An example of this abstract generalization stuff is filler-gap dependencies. English has various kinds of filler-gap dependencies (e.g., wh-questions like (7) and tough-movement (8)). They look different (e.g., wh-questions need a wh-phrase, tough-movement needs a tough-predicate), but behave similarly in two ways: the filler-gap dependencies they create are unbounded; i.e., they can cross any number of bridge predicates, but they show island effects.

Who did you meet { t / *a person who knows t in your family }?
They were difficult to meet { t / *a person who knows t in your family }.

Wilcox et al., 2018 show that two LSTM language models learn Complex NP and wh-islands for embedded wh-questions, a specific kind of filler-gap dependencies. **How do these results generalize to other kinds of filler-gap dependencies?

In a SCiL 2022 paper (joint work with Dan Yurovsky and Lori Levin), we show that these two models learn these island effects to various degrees for four other kinds of filler-gap dependencies (it-clefts, comparatives, topicalization, tough-movement), but all are worse than embedded wh-questions. This suggests that these language models aren't capable of generalizing their acquisition of island effects across constructions.

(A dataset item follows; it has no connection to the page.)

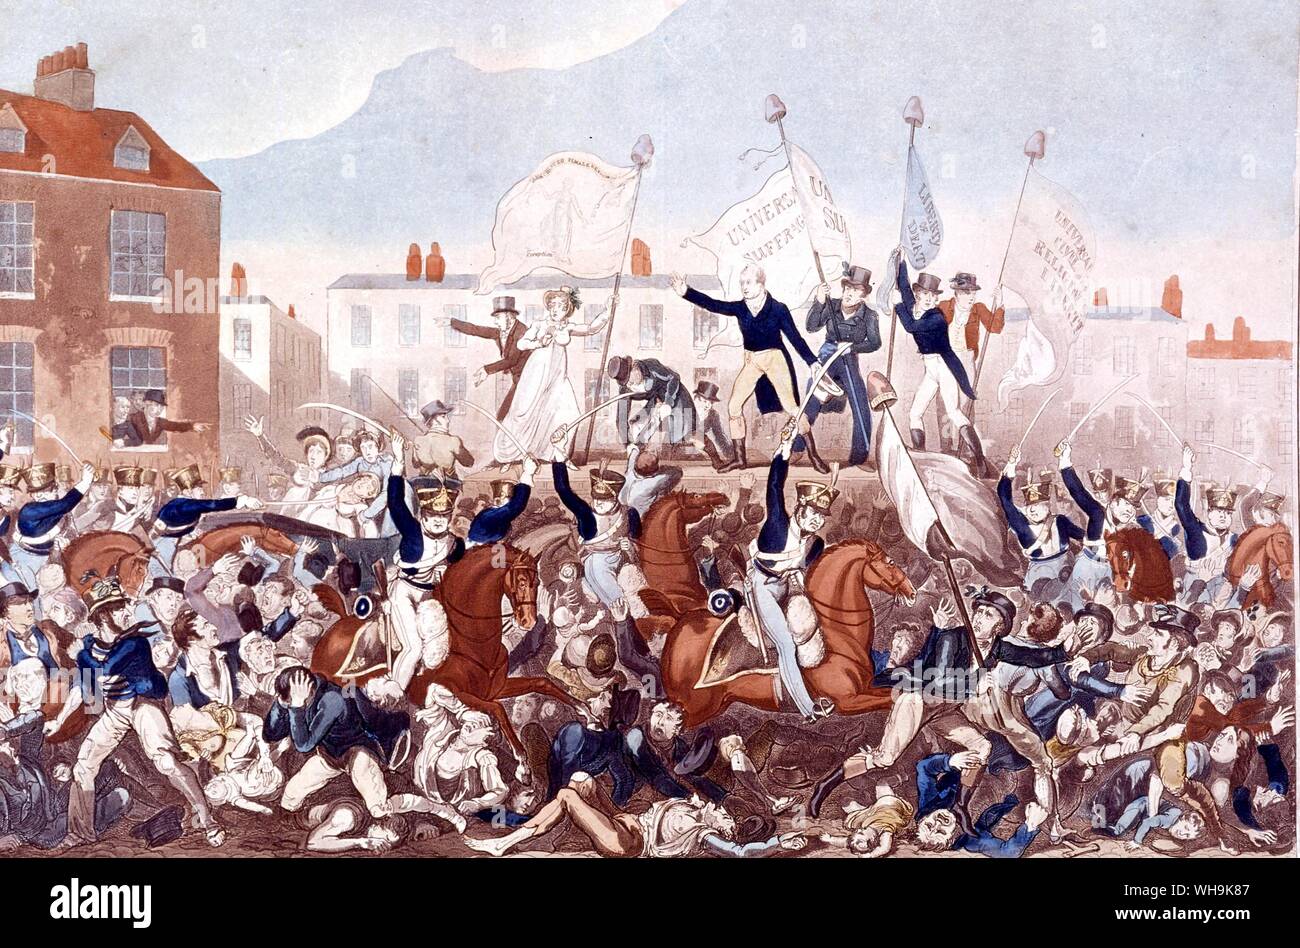 The Peterloo Massacre 1819 Forcible break up of a mass meeting about parliamentary reform held at St Peter's Field Manchester. The Manchester Yeomanry charged into the crowd killing 11 people Stock Photo

Satoru Ozaki, Dan Yurovsky and Lori Levin. "How well do LSTM language models learn filler-gap dependencies?" Proceedings of SCiL 2022 ( doi).

Parasitic gaps

Yet another example is parasitic gaps. A parasitic gap always appears with another gap, as in (9). But not all sentences with two gaps have a parasitic gap, like (10); this is an across-the-board (ATB) extraction. Then there are more controversial parasitic gaps like (11); not all syntacticians think this is a parasitic gap.

Which novel did the reviewer read t before criticizing t?
Which novel did the reviewer read t and criticize t?
This is the novel that every reviewer who reads t criticizes t.

Syntactic priming is speakers' tendencies to reuse syntactic constructions recently encountered. Momma et al., 2024 show that prototypical parasitic gaps like (9) don't prime ATB examples like (10), but they do prime more controversial parasitic gaps like (11). These results could suggest humans form an abstract generalization over (9) and (11) that excludes (10). Do language models behave the same way?

In a HSP 2025 poster (joint work with Shota Momma), we show that 12 large language models (GPT-2, GPT-Neo, DialoGPT and Mamba) don't show human-like priming effects between parasitic gaps and non-parasitic gaps. For LLMs, parasitic gaps prime parasitic gaps (9) and ATB extraction (10) alike. Parasitic gaps either don't prime examples like (11), or they do but with a reduced priming effect. This suggests that these LLMs are too sensitive to superficial similarities and differences between constructions and don't reliably form human-like generalizations.

Satoru Ozaki and Shota Momma, 2025. "Evaluating LLMs for abstract linguistic generalizations using English parasitic gaps." Poster at HSP 2025.